While there are over 250 accommodation options in nearby Salento, Filandia doesn’t have such a wealth of choices. There are several little hostels in town which have got the right kind of vibe to go far, such as Bidea Hostel which seems to be the best rating to price ratio (and offers free bike hire), and Mythos Hostel which has a very traditional style and sits right on the main plaza. If you’re travelling in a bigger group, or you want to spend a little more, check out Casa Campestre la Montaña. This beautiful wood-beamed house with uninterrupted valley views is owned by the wonderfully jolly Gloria, who can be contacted here (Spanish only): firstname.lastname@example.org. Rooms cost in the range of £50-75pp per night including breakfast.
Where to eat in Filandia
Everyone – eveeeeerryyyonnnne – immediately recommends Helena Adentro, which is the top-rated restaurant in the whole region, and does indeed live up to the hype. It’s a restaurant serving traditional Colombian food with gourmet twists. However, first on our list of where to eat in Filandia is José Fernando, a grand-looking restaurant one block from the main square, on Carrera 5 #8. The food is divine, and the setting stunning. Based on the incredible décor (hello, garden courtyard), level of service and quality of food we received at José Fernando, we would have expected to pay biggggggg bucks, but in fact we spent £12 each including a nice wine.
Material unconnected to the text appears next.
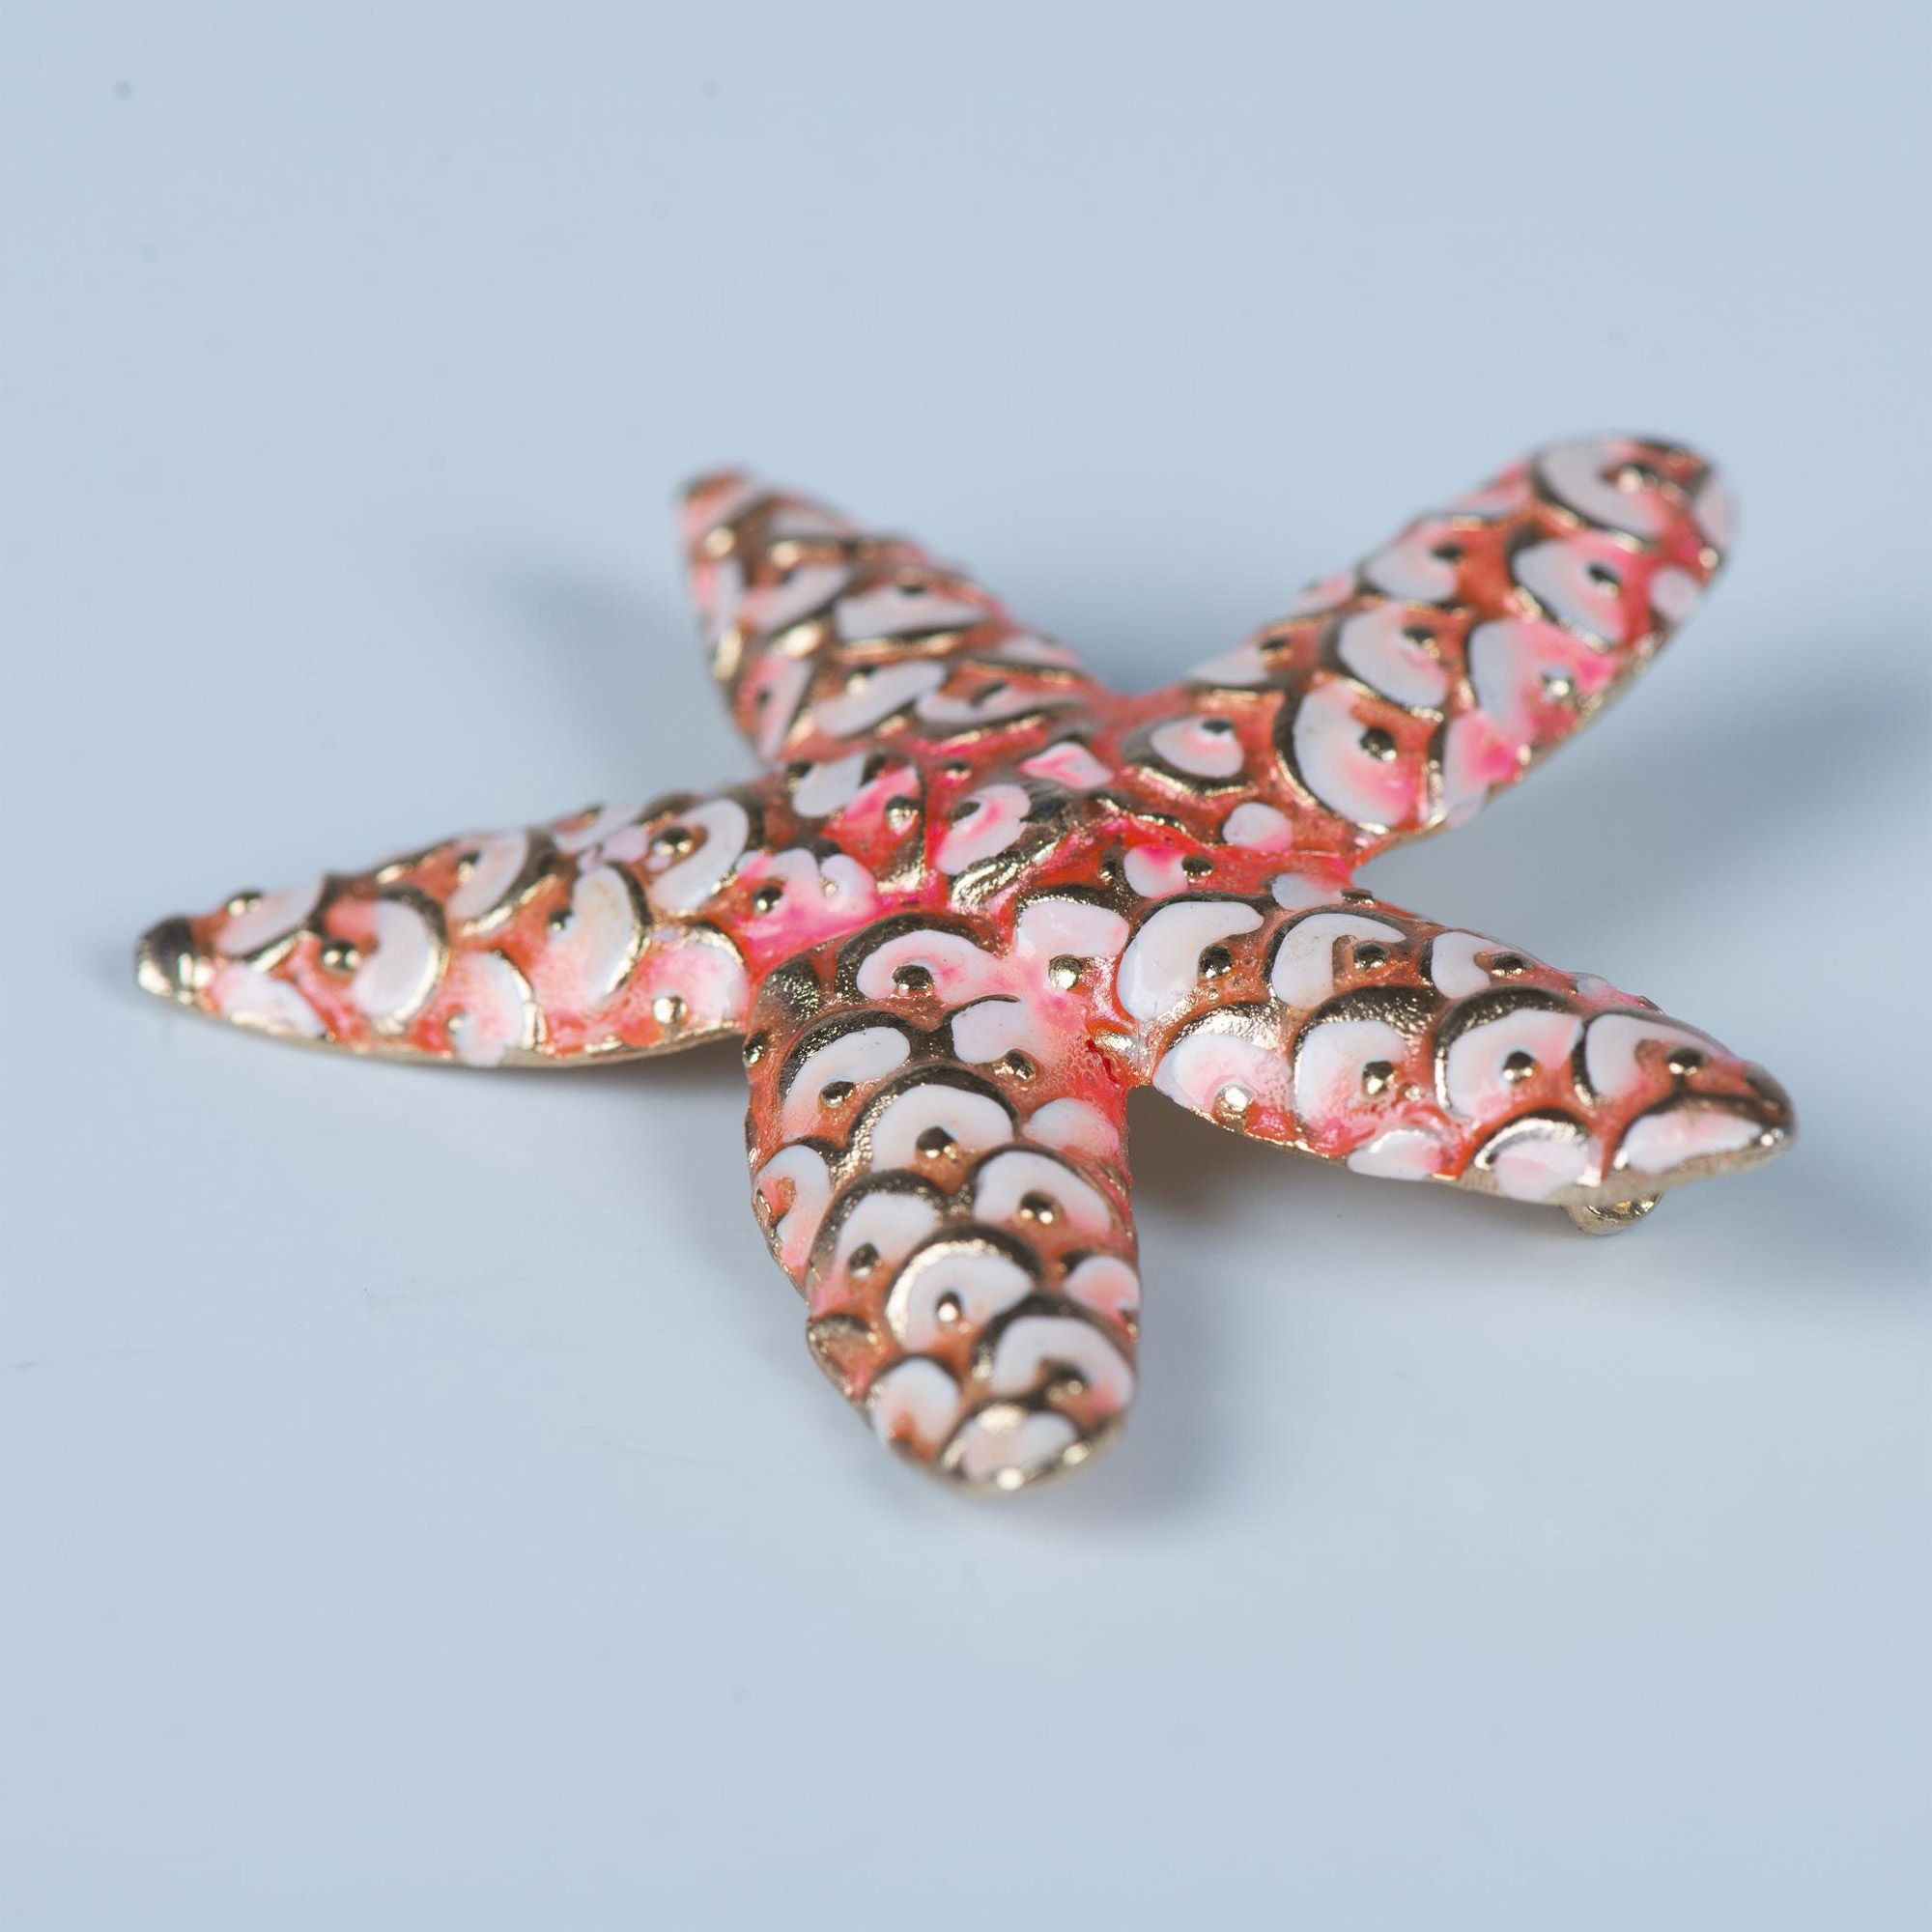 Fun Pink Starfish Brooch - Image 3 of 3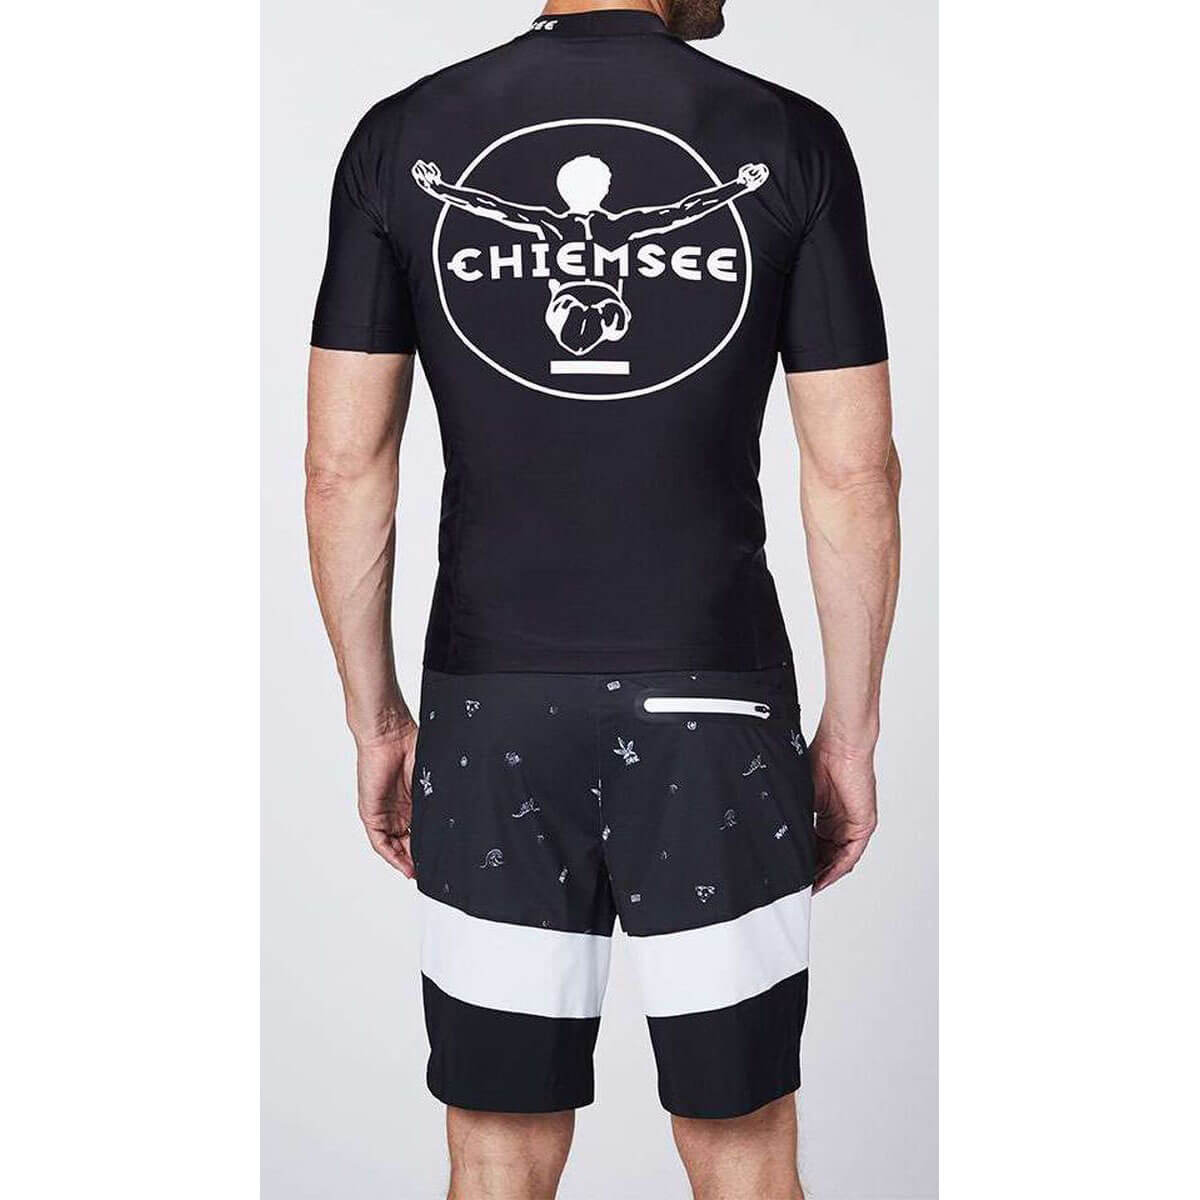 Chiemsee Awesome Swimshirt Funktionsshirt schwarz Bekleidung Funktionsshirts | | SUP

Newly opened in Filandia is a Mexican restaurant called Fogón Azteca. The family who run it are from northern Mexico, and welcomed us so warmly that we felt like we were home. The tacos and quesadillas are excellent, and the limonada de coco is a must-try!
To eat with a view of the valley and Armenia off in the distance, head down to Carrera 9 on the edge of Filandia. There are a few restaurants to choose from down here, including Cultivar Café and something more casual at one of the restaurants in the previously-mentioned Casa del Mirador.
For a beer in Filandia, the best place to be is on the main square. Although there are many little bars and convenience stores in which to plonk yourself down with a bottle of Águila, our favourite by far was Claudia Bar attached to Hotel Tibouchina. Again, this was mostly down to the incredible welcome we received from the owner, but the balcony upstairs also provides an excellent people watching point directly opposite the church.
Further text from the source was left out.